What to produce →
What is needed is an exact copy of the lines in the entries below from the one holding "shinkansen e7 3d" through the one holding "steel-the-deals2.png", pictures excluded.

Data in this exercise →
%%

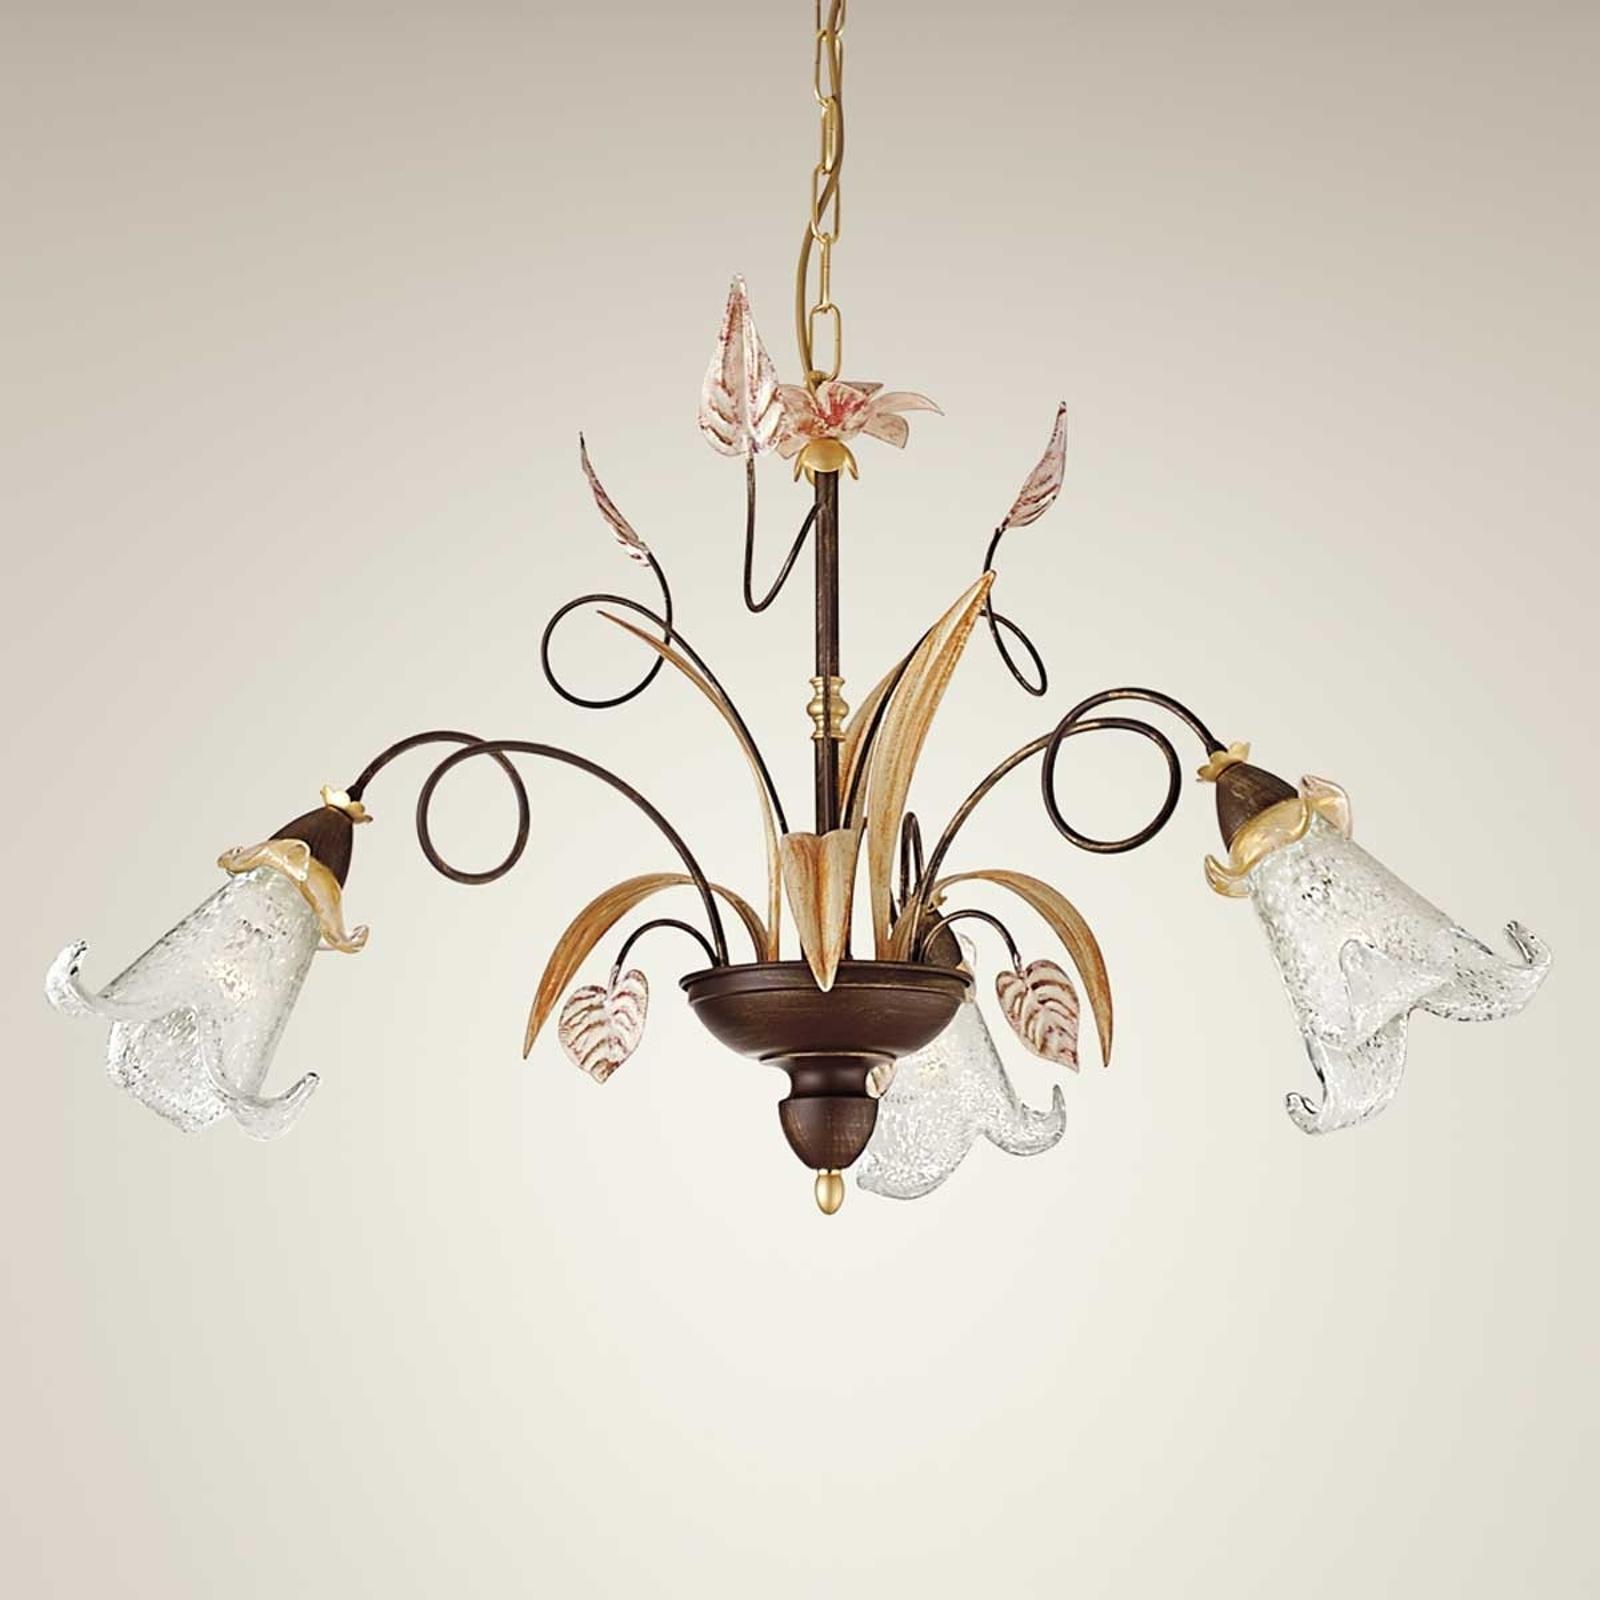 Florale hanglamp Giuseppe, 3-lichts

%%
%%

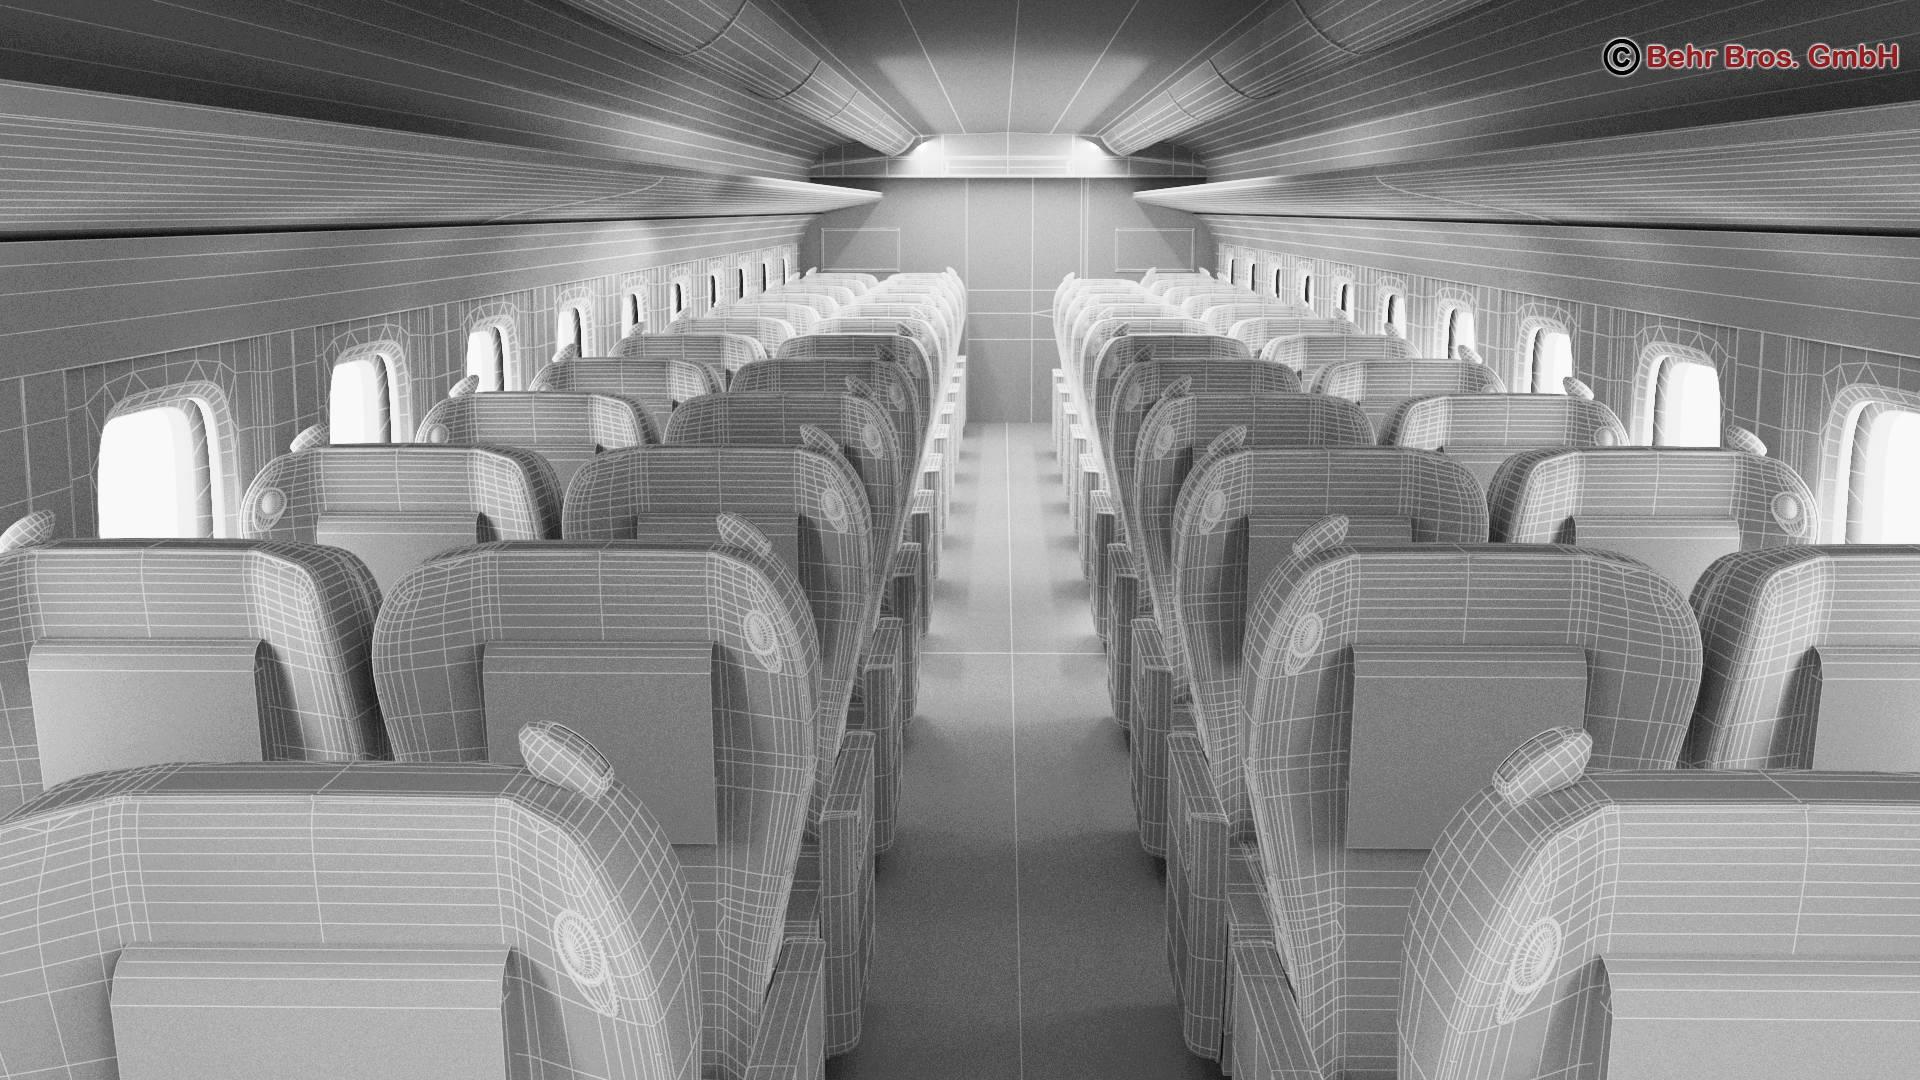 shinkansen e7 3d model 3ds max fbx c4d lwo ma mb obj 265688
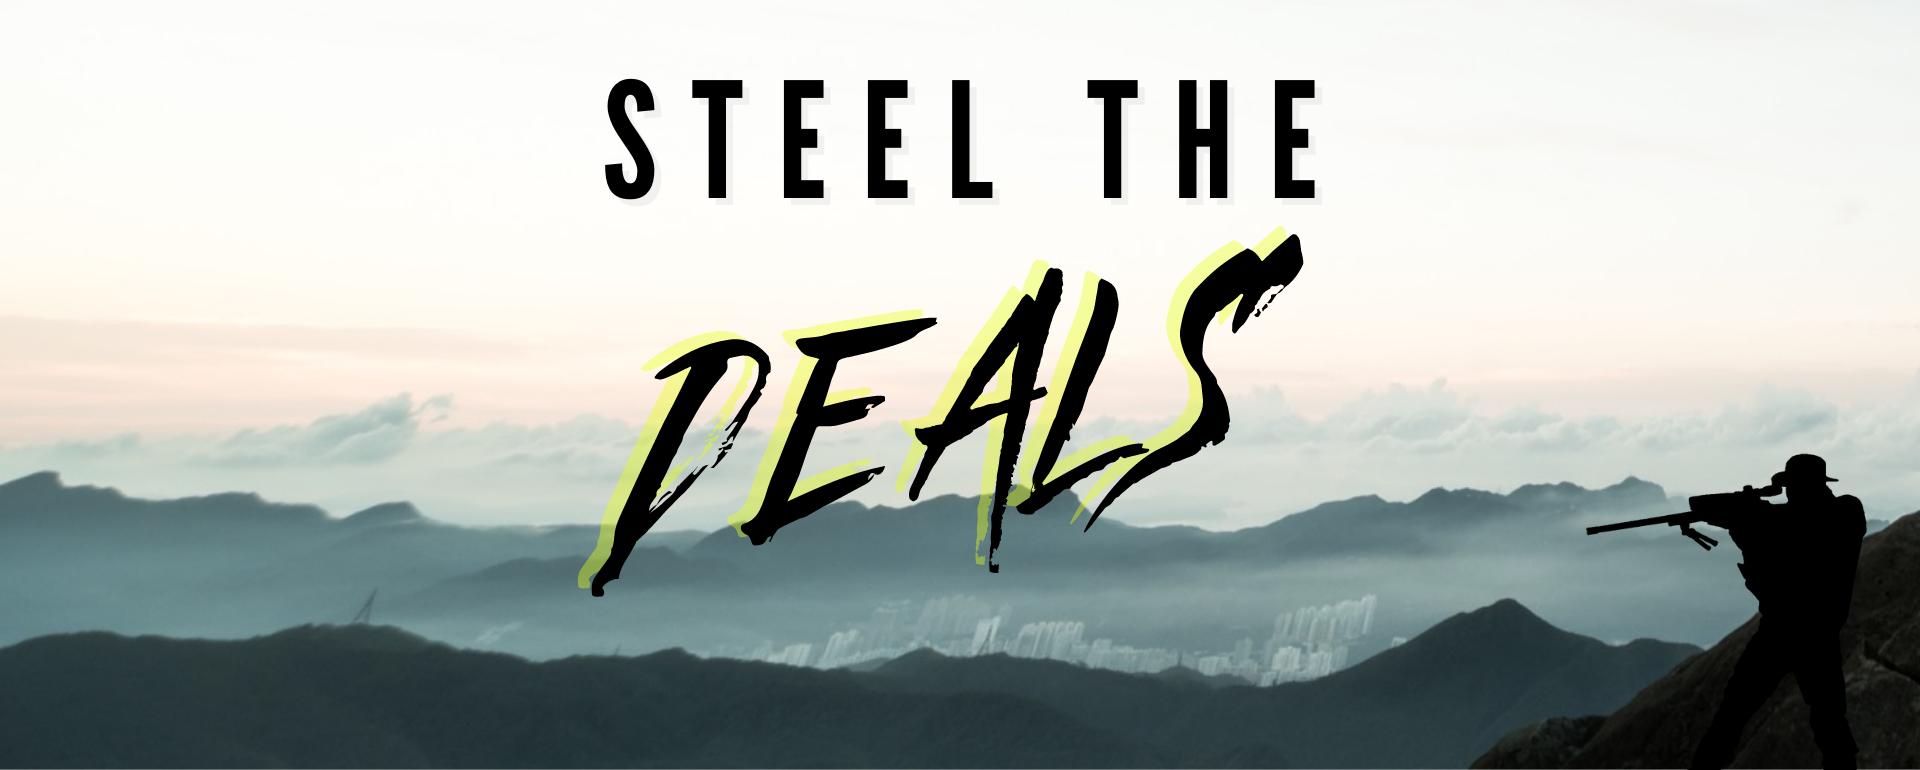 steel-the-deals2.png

%%

Task output →
 shinkansen e7 3d model 3ds max fbx c4d lwo ma mb obj 265688
 steel-the-deals2.png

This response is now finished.